As shown at Inferring the call signature of a lambda or arbitrary callable for "make_function", you can infer the calling signature of a lambda (or any other functor with a single calling signature) from its (single) operator():

template<typename T> struct remove_class { };
template<typename C, typename R, typename... A>
struct remove_class<R(C::*)(A...)> { using type = R(A...); };
template<typename C, typename R, typename... A>
struct remove_class<R(C::*)(A...) const> { using type = R(A...); };
template<typename C, typename R, typename... A>
struct remove_class<R(C::*)(A...) volatile> { using type = R(A...); };
template<typename C, typename R, typename... A>
struct remove_class<R(C::*)(A...) const volatile> { using type = R(A...); };

template<typename T>
struct get_signature_impl { using type = typename remove_class<
    decltype(&std::remove_reference<T>::type::operator())>::type; };
template<typename R, typename... A>
struct get_signature_impl<R(A...)> { using type = R(A...); };
template<typename R, typename... A>
struct get_signature_impl<R(&)(A...)> { using type = R(A...); };
template<typename R, typename... A>
struct get_signature_impl<R(*)(A...)> { using type = R(A...); };
template<typename T> using get_signature = typename get_signature_impl<T>::type;

This is a rather inflexible approach, though; as R. Martinho Fernandes says, it won\'t work for functors with multiple operator()s, nor for functors with templated operator() or for (C++14) polymorphic lambdas. This is why bind defers inference of its result type until the eventual call attempt.



回答4:

It is possible to get the needed std::function type for lambda using derivation, decltype, variadic templates and a few type traits:

namespace ambient {

    template <typename Function>
    struct function_traits : public function_traits<decltype(&Function::operator())> {};

    template <typename ClassType, typename ReturnType, typename... Args>
    struct function_traits<ReturnType(ClassType::*)(Args...) const> {
        typedef ReturnType (*pointer)(Args...);
        typedef const std::function<ReturnType(Args...)> function;
    };

    template <typename Function>
    typename function_traits<Function>::function to_function (Function& lambda) {
        return static_cast<typename function_traits<Function>::function>(lambda);
    }

    template <class L>
    struct overload_lambda : L {
        overload_lambda(L l) : L(l) {}
        template <typename... T>
        void operator()(T&& ... values){
            // here you can access the target std::function with
            to_function(*(L*)this)(std::forward<T>(values)...);
        }
    };

    template <class L>
    overload_lambda<L> lambda(L l){
        return overload_lambda<L>(l);
    }

}

I use it in my code like this:

ambient::lambda([&](const vector<int>& val){ // some code here // })(a);

PS: in my real case I then save this std::function object and its arguments inside a generic kernel objects that I can execute later on demand via virtual functions.

     



回答5:

Isn\'t currying already implemented with std::bind?

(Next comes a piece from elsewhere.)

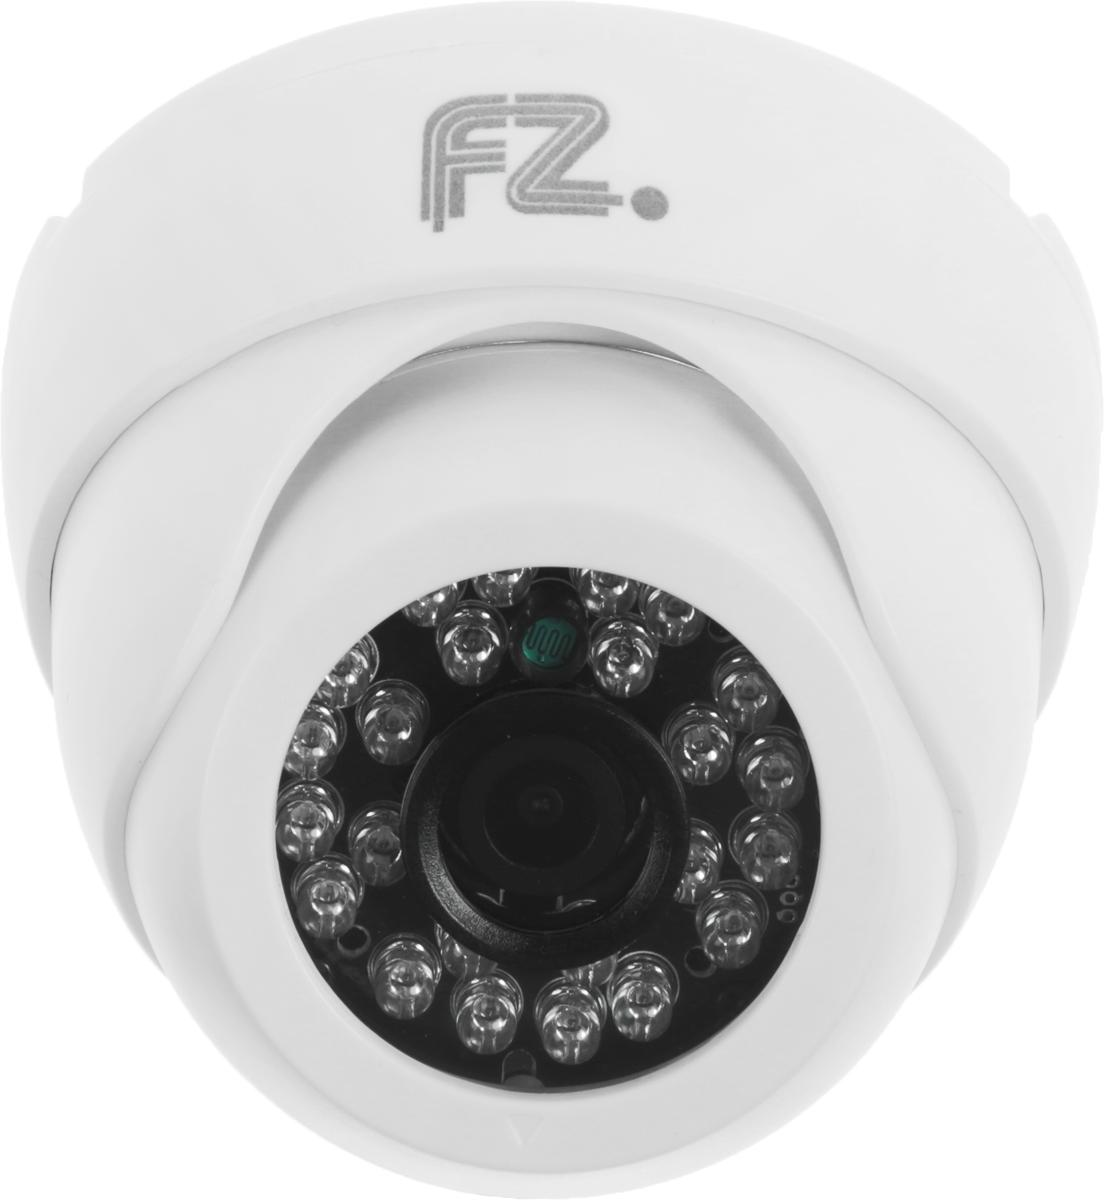 Fazera FZ-DIRP24-720 камера видеонаблюденияFZ-DIRP24-720Благодаря наличию инфракрасной подсветки дальностью 20 метров, и надежной защитой от атмосферных воздействий в широком диапазоне температур, камера видеонаблюдения Fazera FZ-DIRP24-720 может эксплуатироваться в различных типах помещений.В основе камеры матрица 1/4 CMOS OmniVision OV9712 и процессор HiSilicon HI3518E благодаря чему уличная IP-камера Fazera FZ-DIRP24-720 формирует изображение с разрешением до 1280x720 пикселей, с качественной цветопередачей и повышенной контрастностью, что позволяет использовать видеокамеру на объектах с высокими требованиями к качеству видеосигнала, и в системах с видеоаналитикой.Матрица: 1/4 CMOS OmniVision OV9712Процессор: HiSilicon HI3518EМеханический ИК-фильтр с автопереключениемНастройки яркости, контраста, насыщенности через клиентское ПО или веб браузерКак выбрать камеру видеонаблюдения для дома. Статья OZON Гид

auto sum = [](int a, int b){ return a+b; };
auto inc = std::bind( sum, _1, 1 );
assert( inc(1)==2 );


回答6:

This could be interesting for you: https://gist.github.com/Manu343726/94769034179e2c846acc

That is an experiment I have written a month ago. The goal was to create a functor-like C++ template which emulates Haskell\'s partial calls closures, i.e. the automatic creation of a closure of m-n argumments when you call with n argumments a function with m parameters.

This is one example of what this experiment is cappable to do:

int f( int a, int b, int c, int d)
{
    return a+b+c+d;
}

int main()
{
    auto foo = haskell::make_function( f );

    auto a = foo , 1 , 2 , 3; //a is a closure function object with one parameter

    std::cout << a , 4 << std::endl; //Prints 10
}

haskell::make_function uses some type traits to take care of the different types of function entities, lambdas included:

auto f = haskell::make_function( []( int x, int y , int z ){ return x*y*z; } );

auto a = f(1,2); //a is functor with one parameter (Using the alternative C++-like syntax)
auto b = a(3); // b is 6

As you can see, I use comma operator to mmimic Haskell syntax, but you could change it to the call operator to achieve your goal syntax.

Your are completely free to do anything you want with the code (Check the license).